Top

Business of Data Meets: Duke University Health System CAO Stephen Blackwelder

To celebrate being named one of the world’s top analytics leaders, Duke University Health System CAO Stephen Blackwelder talks about his professional achievements, his plans for 2020 and the future of data science in the healthcare industry

What were your greatest professional achievements in 2019?

The thing that I’m most proud of over the past year has been the establishment of a holistic training program for folks that are distributed throughout the organization.

As an academic medical center, we don’t have all the analysts neatly cordoned off in a little unit with a VP over them. They’re in departments and academic settings. They’re in different elements of the health system reporting up to different VPs and different siloed aspects of the organization.

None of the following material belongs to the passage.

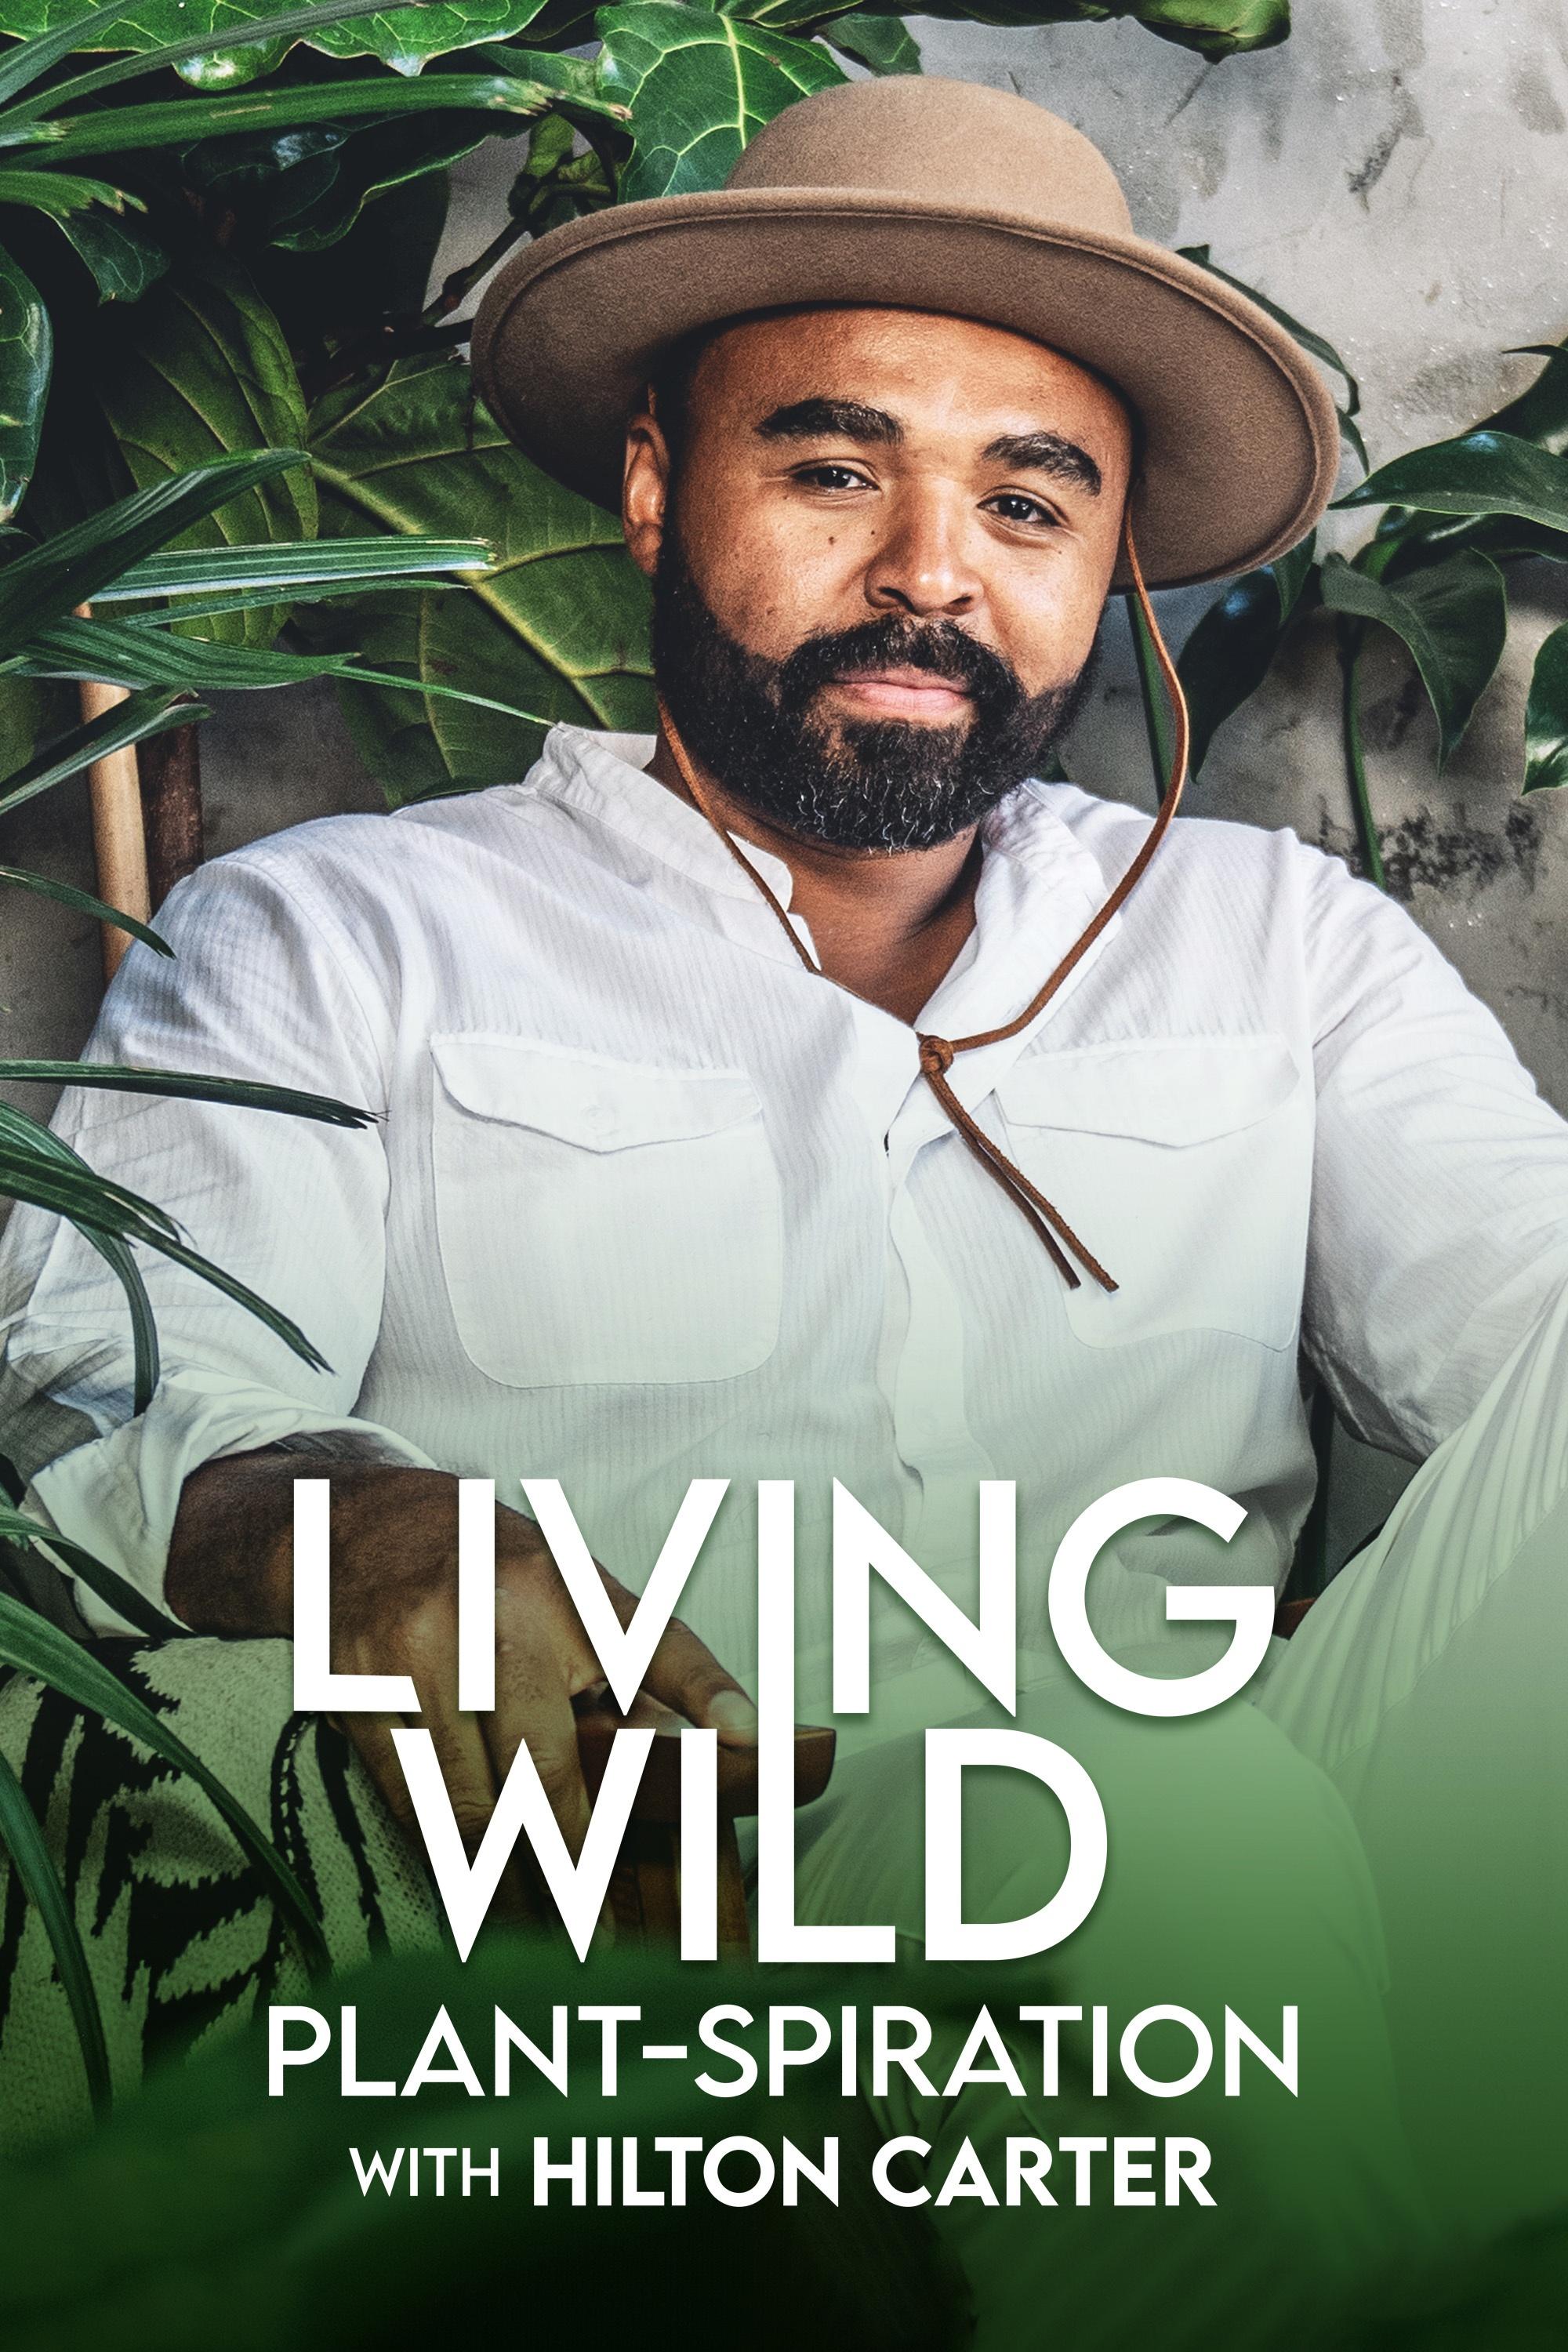 Living Wild: Plant-spiration with Hilton Carter

Despite this, we endeavor to support all our analytics efforts with a consistent data and metrics base. We refer to this as ‘enterprisifying’ the independent projects – providing consistent data and model curation and deployment that maximizes model effectiveness while limiting accumulation of technical debt.

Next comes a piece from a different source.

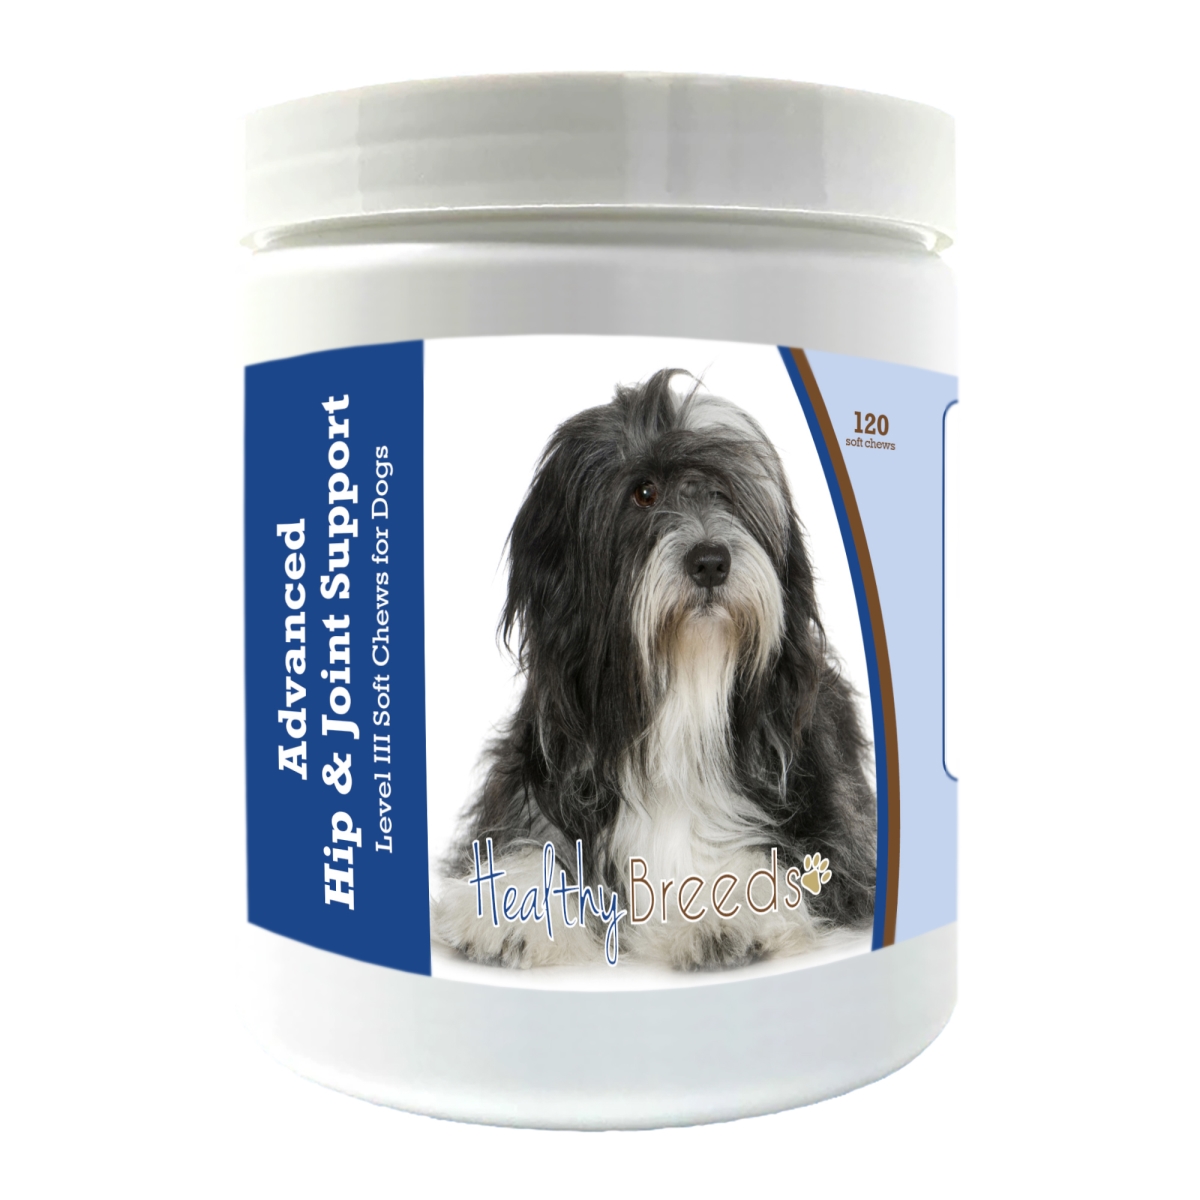 Picture of Healthy Breeds 192959898637 Lhasa Apso Advanced Hip & Joint Support Level III Soft Chews for Dogs

For example, we support our data science development with a data science lifecycle platform that allows containerized models to interact with a robust microservices infrastructure. That is still maturing, but it has already made a huge difference in terms of reliability and repeatability, allowing people to scale their data science efforts throughout the organization.

How will you build on those foundations through 2020?

What I was just describing is very foundational. At the ‘rubber meets the road’ end of things, we’ve had some consolidation of the leadership around the actual implementation of data science.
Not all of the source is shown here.